Negli anni, a chi gli ha sconsigliato sport troppo fisici, ha risposto praticandolo ad alto livello e gareggiando sui ring di tutta Italia; a chi gli ha suggerito di farsi accompagnare in automobile, ha mandato l'attestato di partecipazione al corso di moto su pista e ha guidato e corso tantissimo; ancora, a chi gli ha vietato le scariche di adrenalina eccessive, ha mostrato le foto dei suoi salti con il paracadute o con l'elastico, come quando si è lanciato dalla diga più alta d'Europa (200 metri nel vuoto). Una cosa pazzesca.
Da anni Mirko si è specializzato nell'allenare le giovani speranze italiane del kick boxing, dopo essere stato anche campione nazionale e aver partecipato ai Mondiali. Uno sport che non ha scelto per caso: «Mi ha insegnato l'autocontrollo, per tenere a bada i miei maledetti tic», racconta ancora l'atleta romano che è anche podista nelle gare di ultra maratona, cioè le più lunghe e le più difficili. Non si è fatto mancare nulla.
Mirko ha rinunciato alle terapie mediche a 18 anni, perché si sentiva spento.

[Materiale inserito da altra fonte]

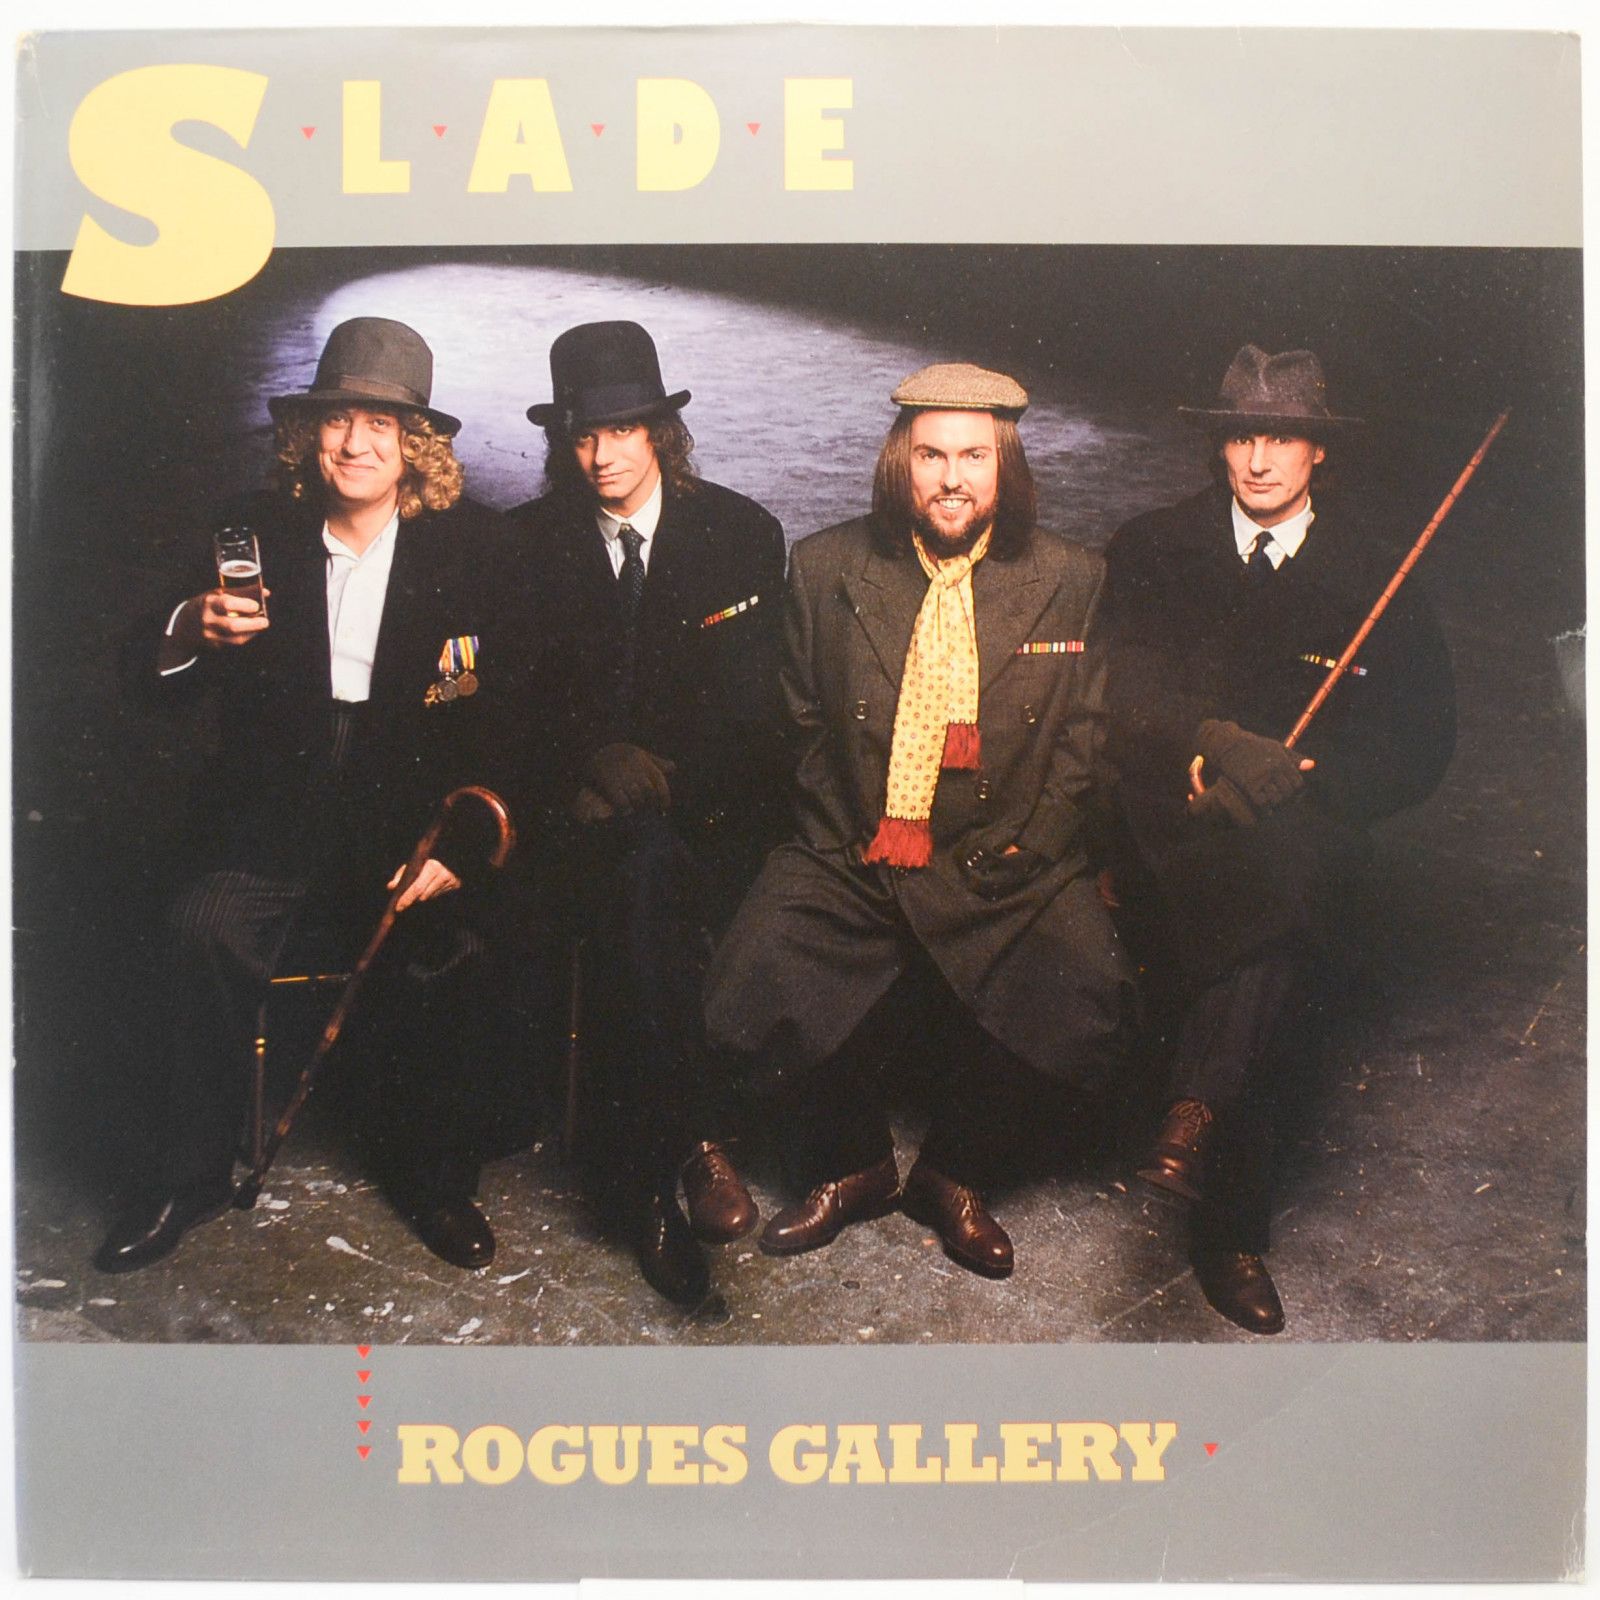 Slade — Rogues Gallery, 1985

Grazie alla sua capacità di imporsi una ferrea disciplina, la vita è andata avanti comunque, tra allenamenti, record nello sport e lavori a contatto con il pubblico. A chi ha il suo stesso problema ricorda che ci sono sempre soluzioni: «Hai due opzioni quando nasci con una diversità come la mia. O stai a casa, ti chiudi, prendi i farmaci, vai in depressione. O fai la cosa più bella del mondo: vivi. Io ho scelto di vivere». Perfetto nella sua imperfezione.